# Family Guy: 1999 vs 2009



## DomNapoleon (Jan 21, 2012)

Lol what do you think of this differences in the characters? Did the show lose any quality? Do you enjoy this differences?


----------



## indieandsoul (May 11, 2011)

Personally the recent episodes aren't doing much for me. I think it's gotten more random and offensive, even though I'll admit there have been some good episodes. I prefer Family Guy from the '1999' era though. Just a preference.


----------



## Solitude315 (Feb 28, 2012)

I quit watching after Season Five just because everything went downhill from there. Definitely prefer Family Guy from 1999. The first three seasons were hilarious, the fourth was good, the fifth was okay, and from what I've seen since then, it's been unbearable to watch.


----------



## DomNapoleon (Jan 21, 2012)

indieandsoul said:


> Personally the recent episodes *aren't doing much for me*. I think it's gotten more *random and offensive*, even though I'll admit there have been some good episodes. I prefer Family Guy from the '1999' era though. Just a preference.


Yes I agree with you. The last episodes that I saw were a complete disaster imo.... They were made just to 'fill the 20 minutes of episode'... I can recognize the difference between an episode with good material and that is random but still substantive from an episode that just has disconnected material and tries to achieve a certain period of time. The last episodes of FG fit in this 2nd category..


----------



## Wormwood (Feb 24, 2012)

The main difference that bugs me is that the jokes in the older episodes anticipated what you'd expect, and then turned it around completely. In the newer episodes, that element is completely gone; you know the formula, and you can see the punchline of the joke before it's finished.
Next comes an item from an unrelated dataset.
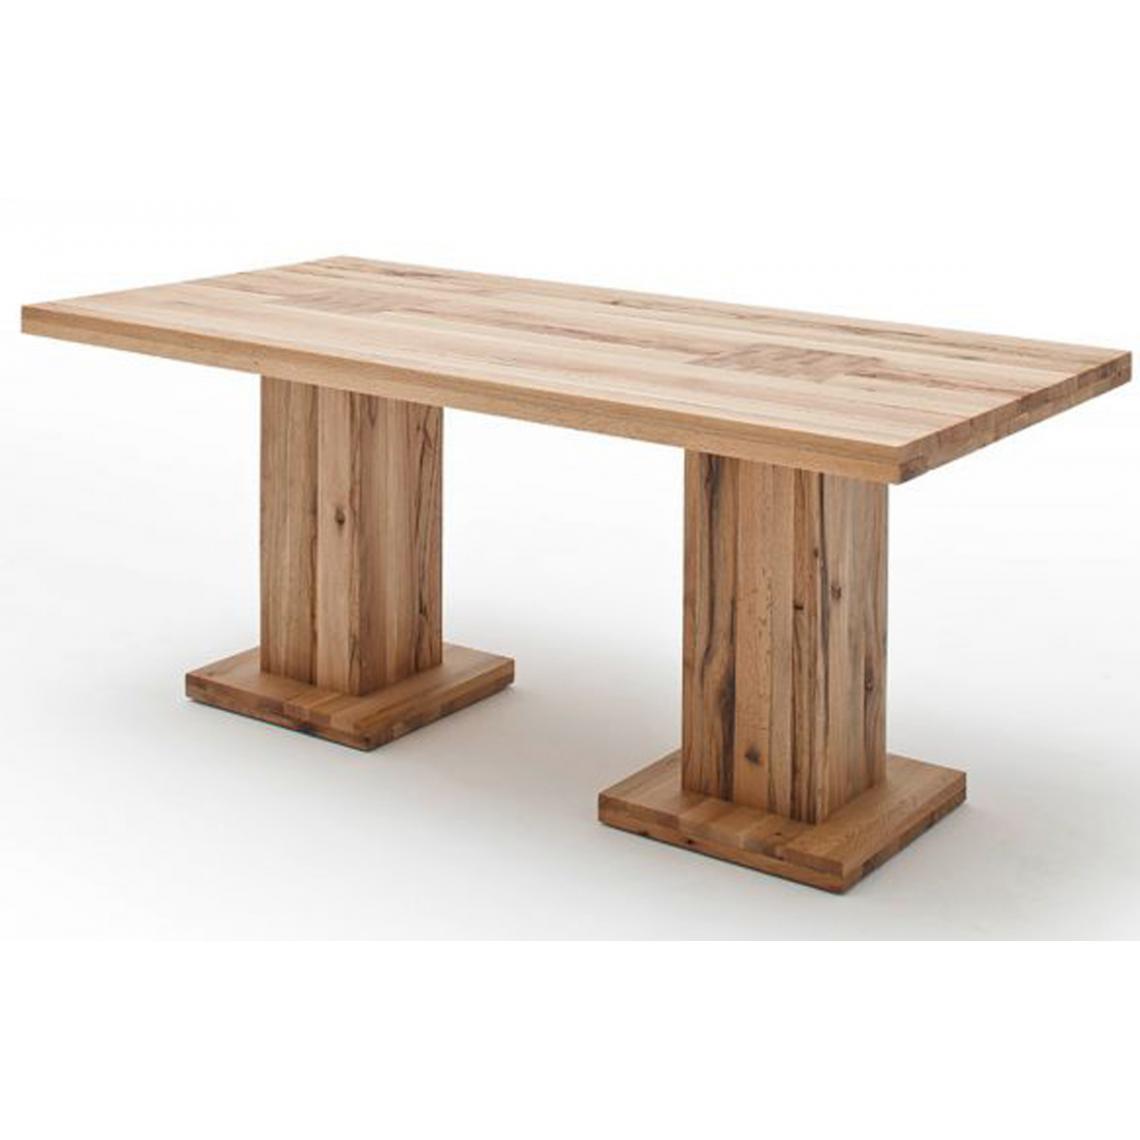 Pegane - Table à manger en chêne sauvage laqué mat, avec 2 colonnes - L.180 x H.76 x P.90 cm -PEGANE- - Tables à manger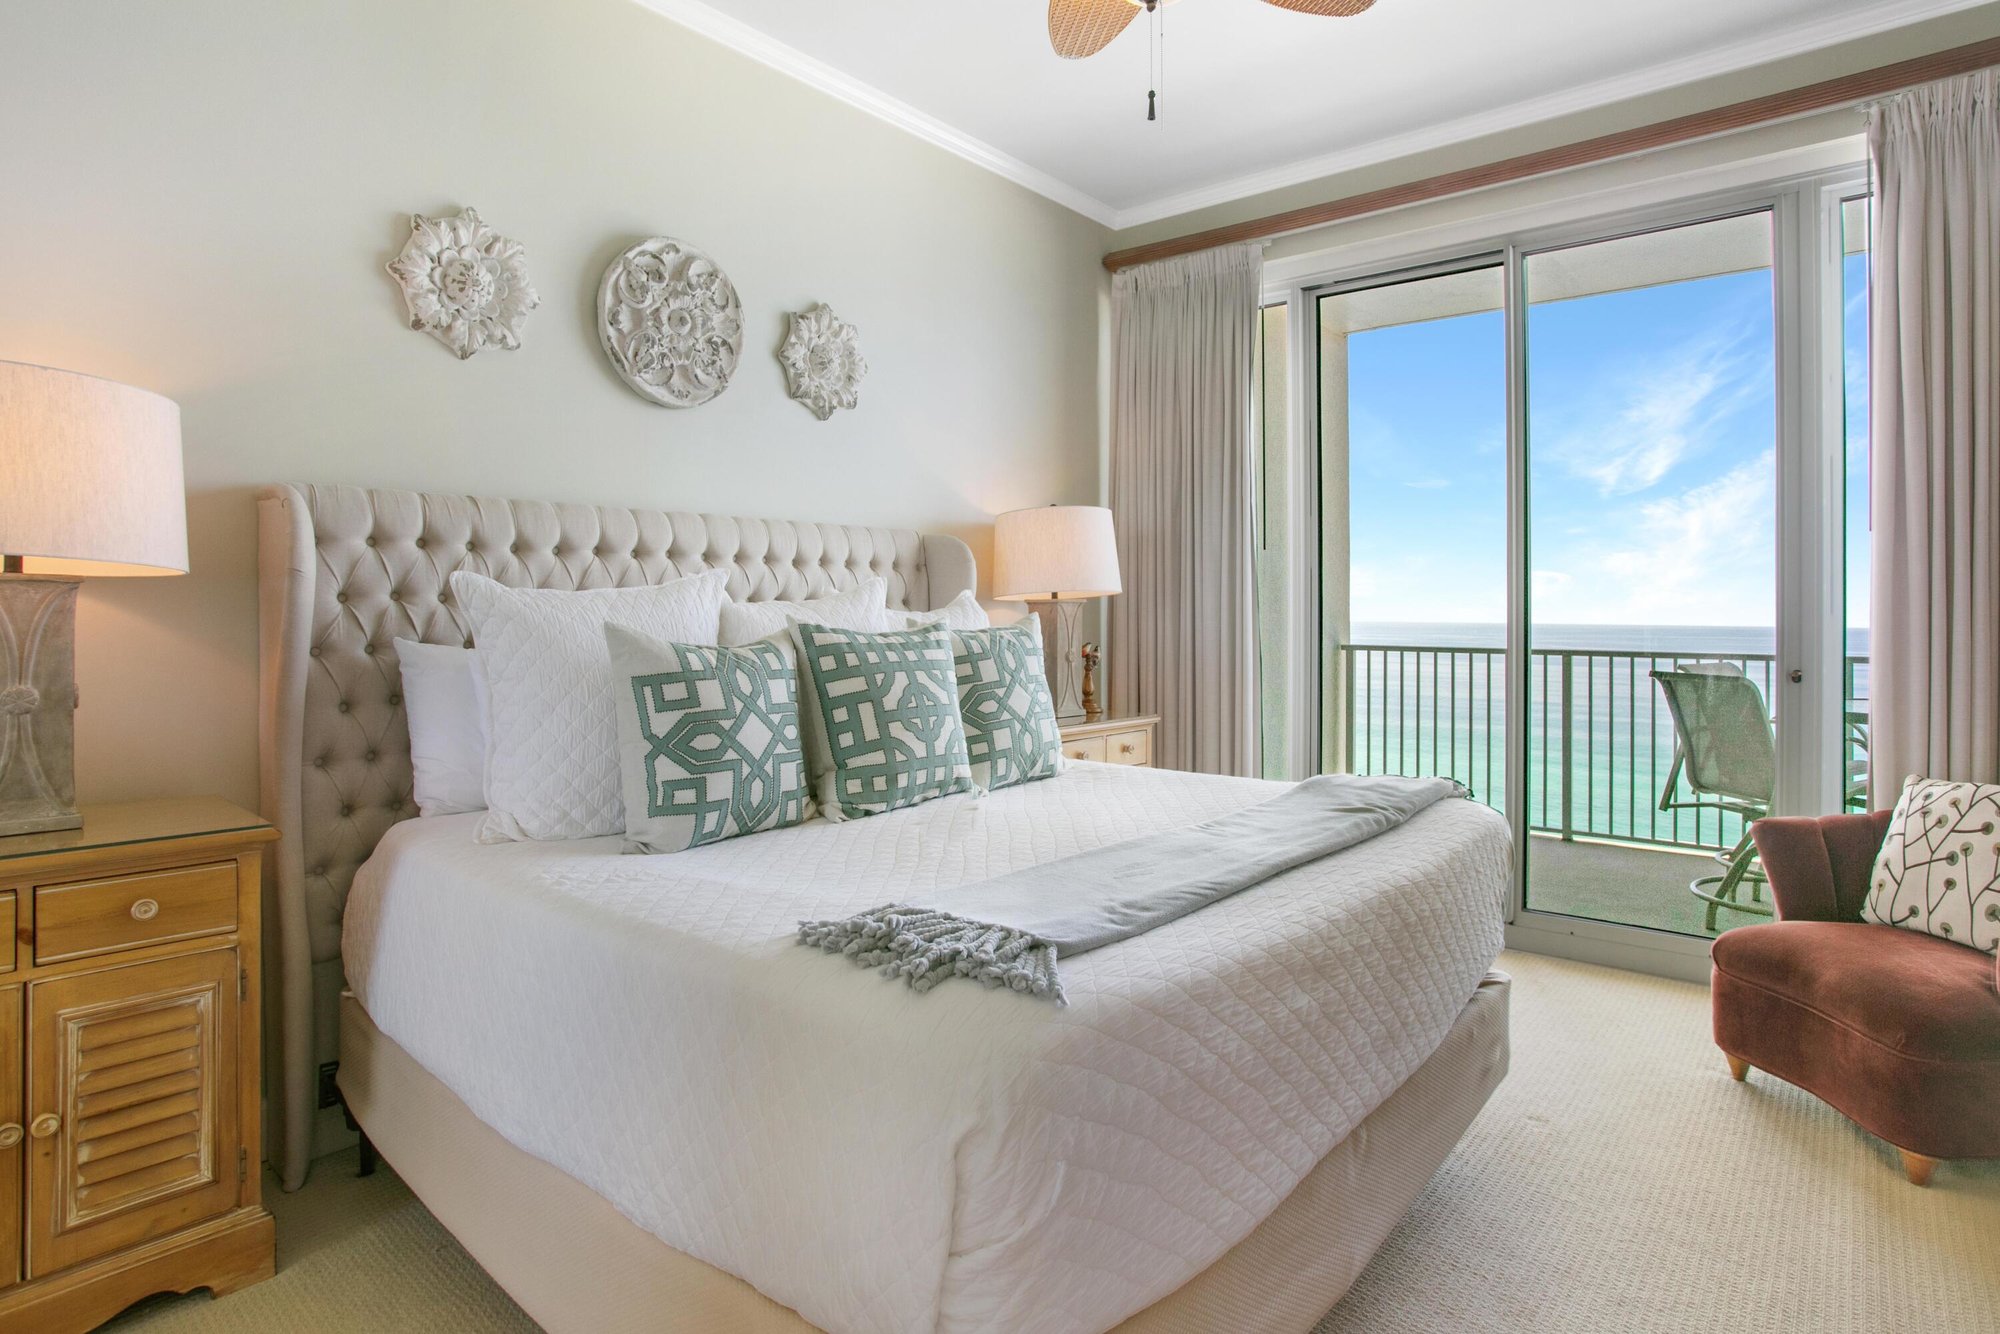 $1M Miramar Beach Real Estate - Home vs Condo

The 7th season was just uncomfortable.


----------



## DomNapoleon (Jan 21, 2012)

Wormwood said:


> The 7th season was just uncomfortable.


I enjoyed that one apart from 1 or 2 episodes.


----------



## Garee (May 2, 2012)

I still love Family Guy, but the show is losing it. Seth McFarland has too many shows under his belt now and that's causing his focus to be elsewhere. My favorite episode from the past recent seasons is probably "Then There Were Fewer" which is a parody of "Clues" one of my favorite movies. Now it's just a bunch of randomness like the 5 minutes fight scene with the never dying giant chicken or the random Mayor West interlude.


----------



## Just_Some_Guy (Oct 8, 2009)

Seth McFarlane said a while back that the series should have ended. The only reason he is producing the show now is because Fox is paying him a shit-load of money to do so. If it seems that he's putting a minimum amount of effort into the show, that's because he is.


----------



## La Li Lu Le Lo (Aug 15, 2011)

I don't think it was ever that good, in my opinion. Now it's like...yikes...


----------



## DarwinsBastard (Apr 27, 2012)

I really enjoyed it in the early years, it was absurd, but it was grounded, I just stopped caring after about season 5.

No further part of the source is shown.